汗をかかないようにする生活習慣はありますか
ガイドラインは精神(心理)療法として催眠療法、バイオフィードバック療法、自律訓練法をいずれも推奨度C1で挙げています。手掌多汗症の場合、手掌に温度センサーや発汗センサーを取り付けて数値を見ながら発汗を減らそうと意識させるバイオフィードバック療法では、海外の報告で14名中11名に発汗の減少がみられました。ただしエビデンスレベルの高い報告は見当たらないとされており、これだけで対処する前提の方法ではありません。
いぼや水虫ができやすいと聞きました
ガイドラインは、汗で長時間湿潤した皮膚は汗疹を生じやすく表皮が浸軟して剥脱すること、さらに真菌や細菌、ウイルスの感染を起こしやすいため足白癬や尋常性疣贅を認めることがあると記しています。多汗そのものだけでなく、皮膚のトラブルが併発する可能性があるということです。気になる症状があれば、あわせて相談してください。
参考にした一次資料
- 日本皮膚科学会ガイドライン 原発性局所多汗症診療ガイドライン2023年改訂版(2023年12月一部改訂)/PDF(日皮会誌 133巻13号 3025-3056、2023年)

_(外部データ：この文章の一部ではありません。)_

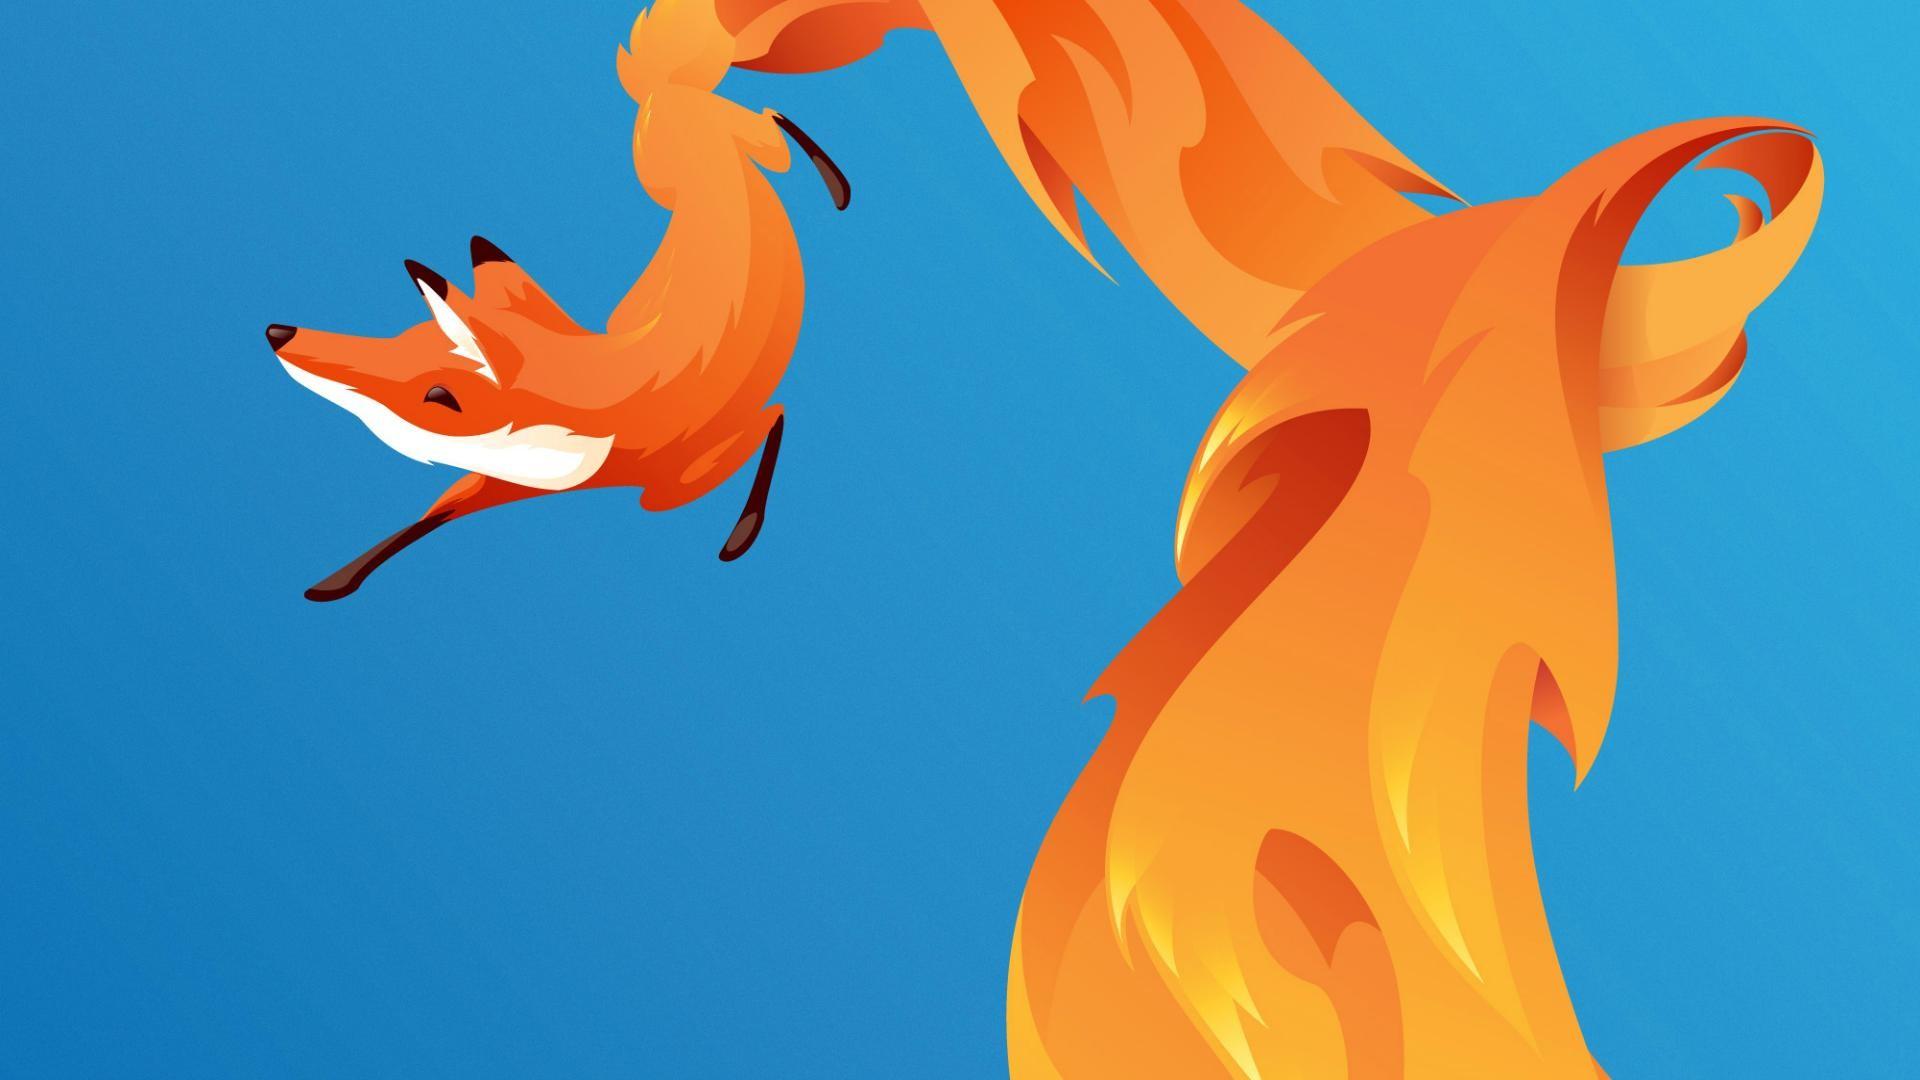 Mozilla Firefox 1920x1080 Px

- 同ガイドラインの掲載ページ(J-STAGE) ※書誌情報と引用文献一覧
- アポハイドローション20% 製品情報(久光製薬) ※医療関係者向けサイトのため確認画面が表示されます
本記事は上記資料をもとに作成しています。治療の適否や薬剤の選択は個々の状態によって異なりますので、実際の判断は医療機関にご相談ください。